First Corinthians, in the New Testament, referred to Jesus' resurrection as a type of First Fruit, "But now Christ has been raised from the dead, the first fruits of those who are asleep."

===In Eastern Christianity===
In the Eastern Orthodox Church the offering of first fruits takes the form of a thanksgiving and blessing. The produce is then consumed by the faithful rather than being given to the Church (though it may be donated as a free-will offering). The liturgical concept behind the blessing is the faithful offering back to God a token of that which he in his lovingkindness has provided, God blessing these first fruits and returning them to the faithful for their benefit and blessing.

The blessing of first fruits traditionally begins on the Great Feast of the Transfiguration (August 6), with the blessing of grapes. In localities where grapes are not grown, other early-ripening fruits such as apples may be offered. There is a special ceremony at the end of the Divine Liturgy at which the priest blesses the first fruits, asking "that the Lord may bless them, that they may be to us unto rejoicing, and that He may accept a gift of these fruits unto the cleansing of our sins".

As the harvest season progresses, the first fruits of each species can be brought to the church to be blessed, using a similar format, but a different prayer: "that the Lord may receive our gift unto His eternal treasury and grant us an abundance of earthly goods".

===In Western Christianity===

In the Middle Ages the concept of offering the first fruits was adapted by the Christian church. This was called a tithe and was basically a tax to support the local clergy and the facility. In England, every tenth egg, sheaf of wheat, lamb, chicken, and all other animals were given to the church as a tithe, so farm products were expected to be donated throughout the year.
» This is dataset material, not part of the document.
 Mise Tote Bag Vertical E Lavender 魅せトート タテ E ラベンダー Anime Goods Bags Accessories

In France, the tithes—called la dîme—were a land and agricultural tax. The offering of first fruits was also referred to as new fruits. In French churches in the Middle Ages, new fruits were at given seasons presented at Mass for blessing. The blessed fruits were kept by the church and divided between the clergy and the poor. Similar customs during the Middle Ages could be found in all European countries.
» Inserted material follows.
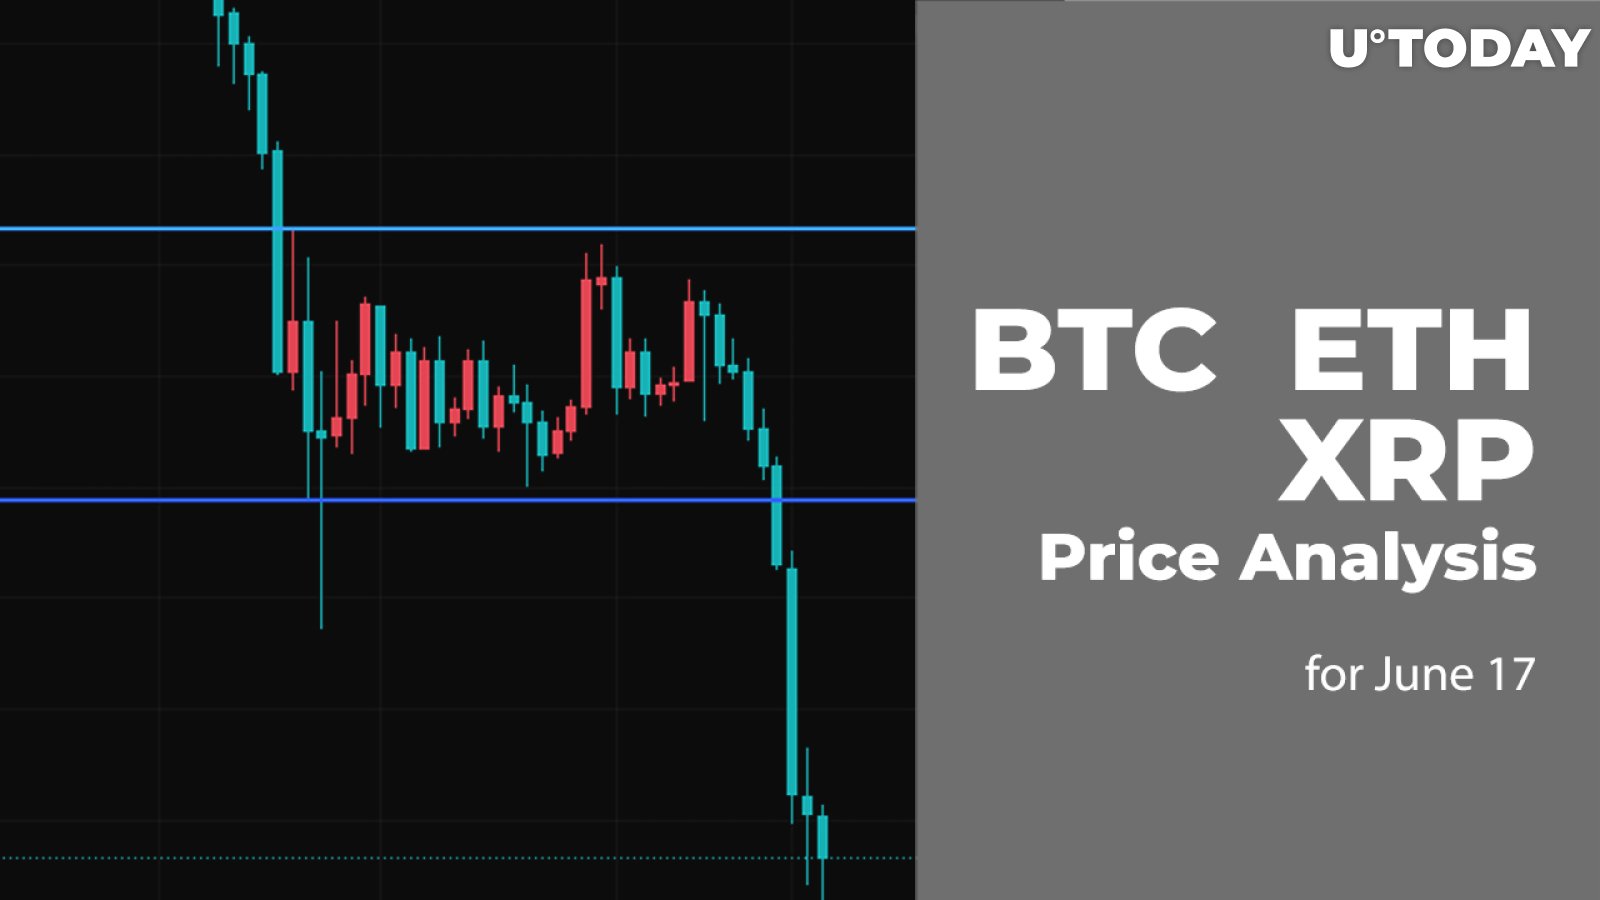 BTC, ETH and XRP Price Analysis for June 17

First Fruits also refers to the payment new clerics made to the bishop or the Pope of all profits from the territory the new cleric controlled. This payment was called both Annates and First Fruits.

A less agricultural sort of First Fruits (primitiae in Latin) is the "Primice" as it is called in some languages, that is, the First Mass said by a newly ordained priest; it is customarily celebrated with special magnificence, and even, despite the literal meaning of "First Mass", repeated a limited amount of times. The first-fruits of such a priest's power-to-bless are held in alike esteem.

===In the Latter Day Saint movement===
In the Book of Mormon, a canon of scripture used by the Latter Day Saint movement, a similar passage is found stating "the Holy Messiah, who layeth down his life according to the flesh, and taketh it again by the power of the Spirit, that he may bring to pass the resurrection of the dead, being the first that should rise. Wherefore, he is the firstfruits unto God".